If This Be Treason
- Original booklet
- Author: Olga Rudge
- Publication date: 1948
- Media type: Booklet
- Pages: 33
- OCLC: 318182831

= If This Be Treason =

1948 book by Ezra Pound

If This Be Treason ... is a 33-page booklet published privately in Italy in early 1948 by Olga Rudge, mistress of the American poet Ezra Pound. Pound, who lived in Italy with his wife from 1924 to 1945, was indicted in absentia for treason in 1943 by the United States District Court for the District of Columbia after he made hundreds of radio broadcasts, pro-Axis and deeply antisemitic, on behalf of Fascist Italy during World War II and the Holocaust in Italy. The title phrase had previously been used in a speech by Patrick Henry in 1765.
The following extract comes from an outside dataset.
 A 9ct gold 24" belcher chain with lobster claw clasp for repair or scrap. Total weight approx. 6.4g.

The booklet, 300 copies of which were printed, contains six of Pound's cultural broadcasts: "e. e. cummings," "e. e. cummings/examind", "James Joyce: to his memory", "A french accent", "Canto 45", and "Blast." It was the first time any of Pound's broadcasts had been published. The publication was an attempt by Rudge to exonerate Pound of the charges.
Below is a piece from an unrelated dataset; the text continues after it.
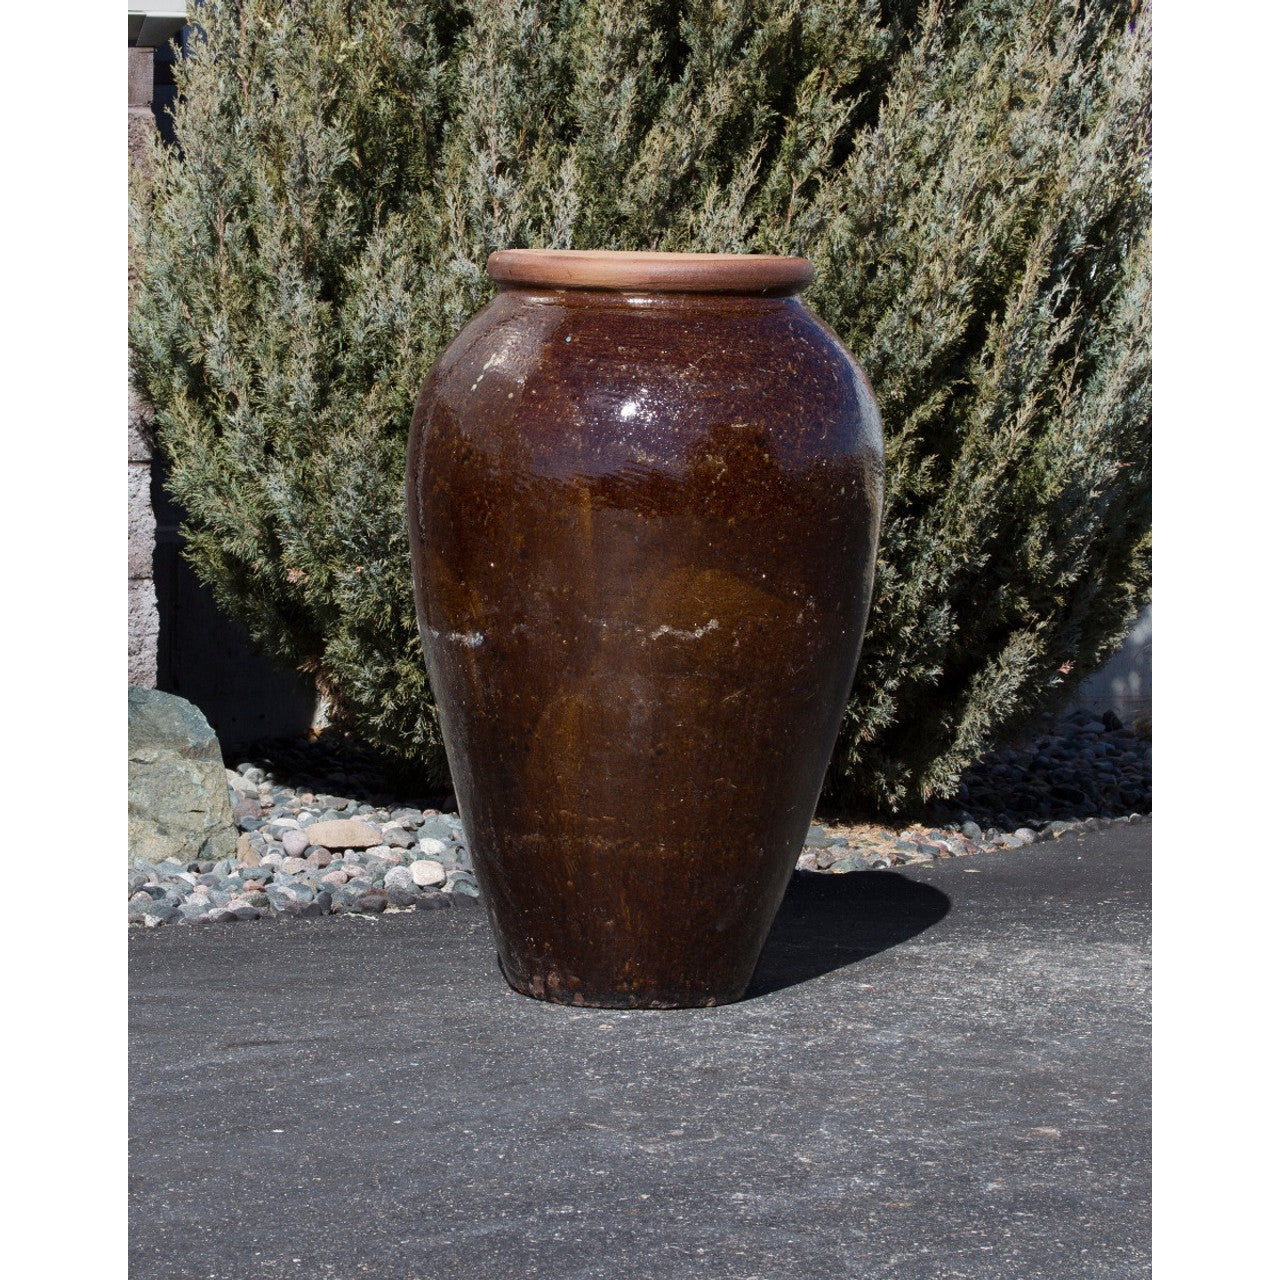 Cedar Tuscany Vase Fountain Kit - FNT40570 - Majestic Fountains and More

Pound continued to broadcast for the fascists until he was arrested by American forces in Italy in May 1945. He spent 13 years in custody, including over 12 years in St. Elizabeth's psychiatric hospital in Washington, D.C. When he was released in May 1958, he returned to live in Italy, where he died and was buried in 1972.

==Publication details==
- Pound, Ezra (1948). If This Be Treason .... Edited by and printed for Olga Rudge. Siena: Tip. Nuova. Venice: Tip Litographia Armena, 1983.